All tests were performed at 20 °C and the sample volume used was ca 20 ml for each sample. For each specimen, the testing was repeated 6 times with 10 minutes between tests, to demonstrate the stability in the results.
Table 1. The Thermal Conductivity of water of different quality. Presented data are average values from six repeated tests on each sample. Standard deviation is close to 0 %. Full data sets showing the excellent precision of the THW-L2 are found in the appendix below.
SAMPLE | THERMAL CONDUCTIVITY [W/m·K] |
---|---|
DIUF Water | 0.598 |
Distilled Water | 0.599 |
Tap Water Fresh | 0.591 |
Tap Water Settled | 0.598 |
5 mass% Sugar Solution | 0.580 |
5 mass% Salt Solution | 0.594 |
As can be seen, DIUF, distilled and tap water show very similar results. Freshly poured tap water shows a slightly lower value, likely due to air trapped in the fluid. The value then goes up after settling overnight, allowing the gas to leave the sample.

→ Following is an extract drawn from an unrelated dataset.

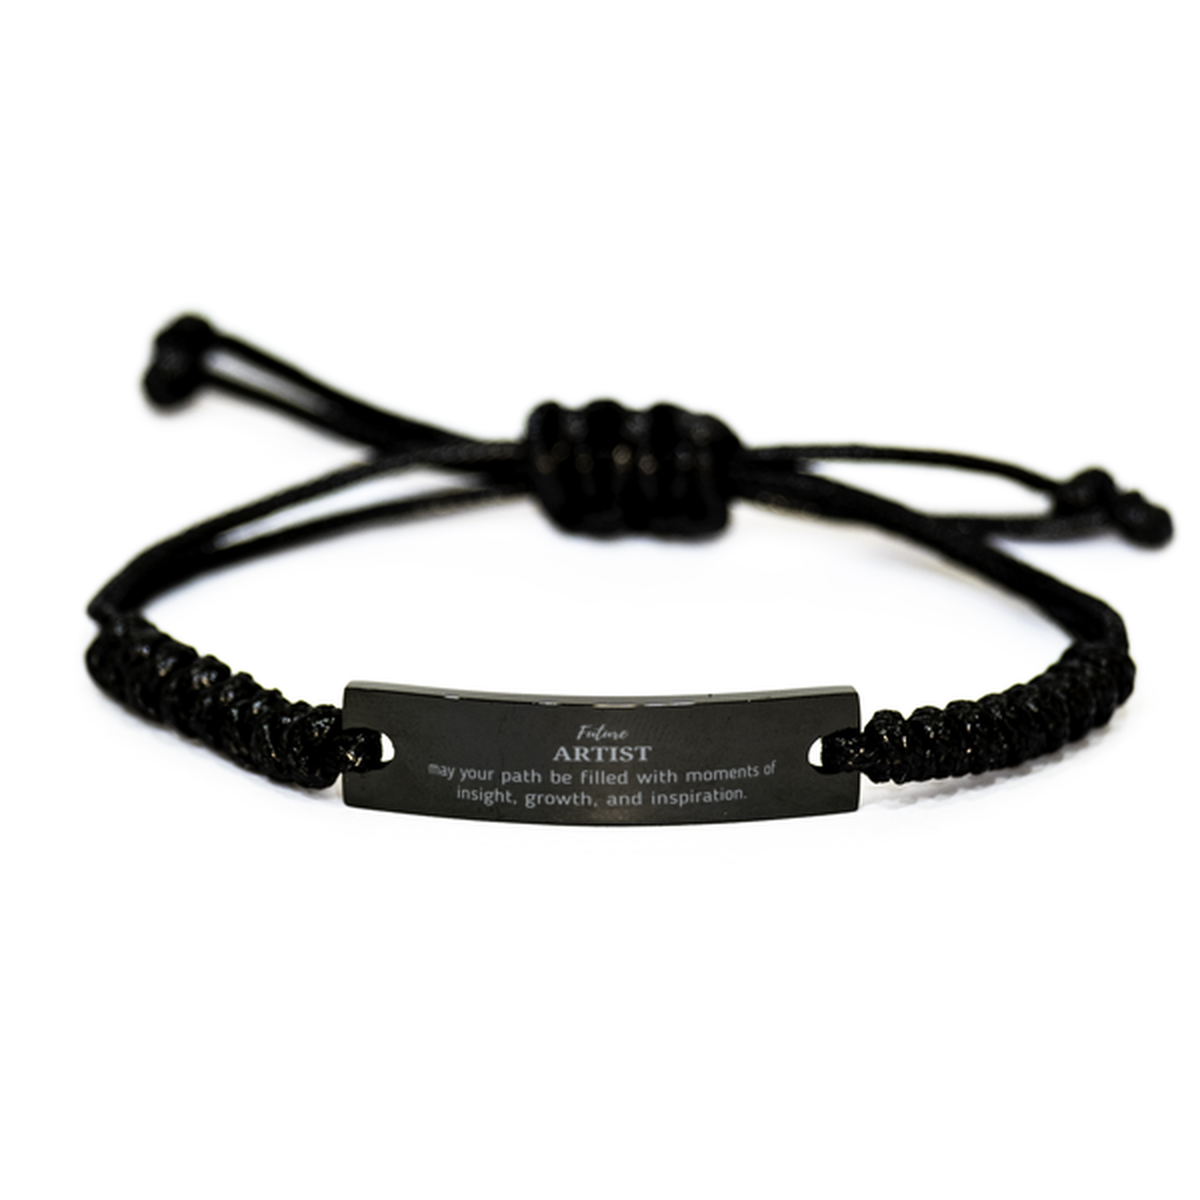 Future Artist Gifts, May your path be filled with moments of insight, Graduation Gifts for New Artist, Christmas Unique Black Rope Bracelet For Men, Women, Friends

Adding sugar to water clearly reduces the conductivity, while salt has a more limited impact. It should here be noted that care must be taken when a salt solution is tested. With the addition of salt, the electrical conductivity of the water is greatly increased. This can interfere with the result if exposed areas of the probe, i.e. temperature sensor and solder joints, are not electrically insulated from the sample.
When testing thermal conductivity with the THW-L2, results are presented directly in the software as seen in the picture below. In the software, the testing parameters are presented along with the results and the quality of the data is automatically controlled. To allow the used to confirm good data or to detect anomalies, all data is graphically depicted with both transient chart and a residual plot. The residual plot shows if the experimental is correctly fitted to a straight line, which is a requirement for acceptable results.
The THW-L2 proven capable of testing water with great accuracy and precision. It can be used to detect variations in water quality by looking at the thermal conductivity. It is also apparent that pure water, be it DIUF, distilled or high-quality drinking water has a very stable thermal conductivity at 20 °C.
Table 2. Thermal conductivity of DIUF water
TEST # | THERMAL CONDUCTIVITY [W/m·K] |
---|---|
1 | 0.598 |
2 | 0.598 |
3 | 0.598 |
4 | 0.598 |
5 | 0.598 |
6 | 0.598 |
Table 3. Thermal conductivity of distilled water, product name Ad TechLine Destvatten.
TEST # | THERMAL CONDUCTIVITY [W/m·K] |
---|---|
1 | 0.599 |
2 | 0.598 |
3 | 0.599 |
4 | 0.598 |
5 | 0.599 |
6 | 0.599 |
Table 4. Thermal conductivity of freshly poured tap water, 4 °dH and pH 8.3.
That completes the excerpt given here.